Going back and looking at the specification, it says " - Working voltage: double AC18-24V ". When an AC voltage is referred to without otherwise specifying the type of measurement, it is taken to mean RMS (root mean squared), which is 0.707 less than the peak voltage. Your DC (battery) power supply should therefore be ±18V/0.707 to ±24V/0.707, or 25 to 34 volts DC, so the battery pack supplies DC that is the same voltage as the peak. Is that right @Audioguru again ?
 

Thread Starter

missile villegas

Joined Jan 7, 2016
10
Your resistor divider will not work for this kind of circuit. That is because the current needed to flow from the positive power supply to "ground" will not be the same amount that is needed from the negative supply. The currents are constantly changing when the speakers are being driven and much higher than what will be drawn by the 100 ohm resistors.

Eric gave a very good solution



And by that I am pretty sure he meant to make two battery packs, one for the positive supply and one for the negative supply.
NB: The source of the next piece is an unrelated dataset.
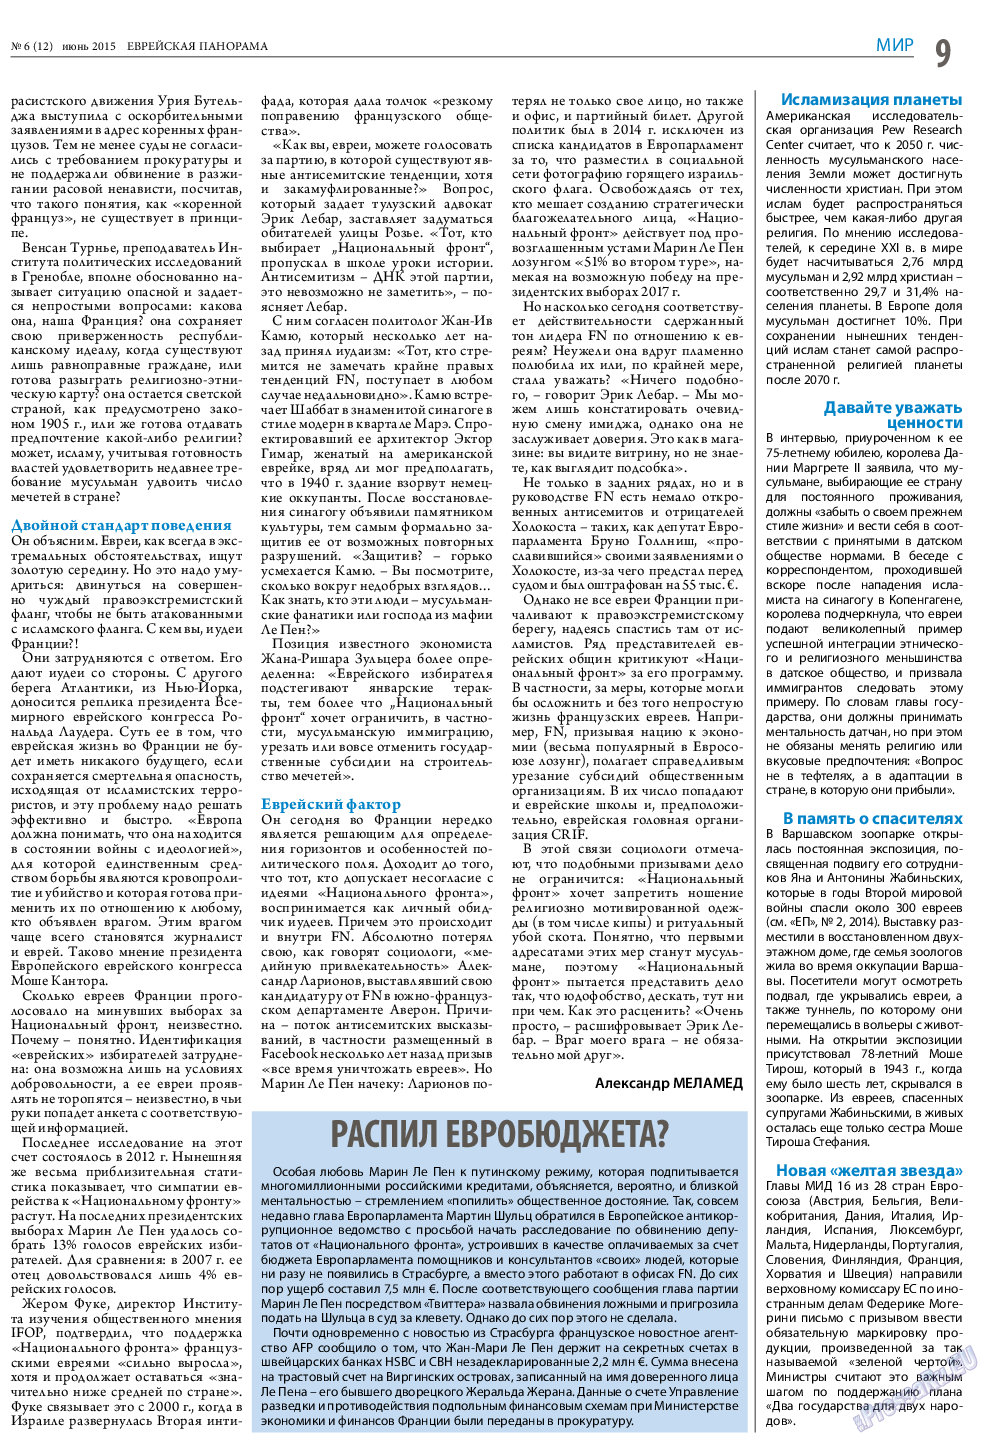 Еврейская панорама, газета. 2015 №6 стр.9

Going back and looking at the specification, it says " - Working voltage: double AC18-24V ". When an AC voltage is referred to without otherwise specifying the type of measurement, it is taken to mean RMS (root mean squared), which is 0.707 less than the peak voltage. Your DC (battery) power supply should therefore be ±18V/0.707 to ±24V/0.707, or 25 to 34 volts DC, so the battery pack supplies DC that is the same voltage as the peak. Is that right @Audioguru again ?
Ok Thanks again for your help
 

Audioguru again

Joined Oct 21, 2019
3,542
I agree that resistor rail splitter will not work and if the amplifier was made properly then a DC supply of +34V/-34V can be used but probably then it might explode with its very cheap price and tiny heatsink. The fan will blow the smoke around. Its main filter capacitors are shown as 40V ones so they might be OK.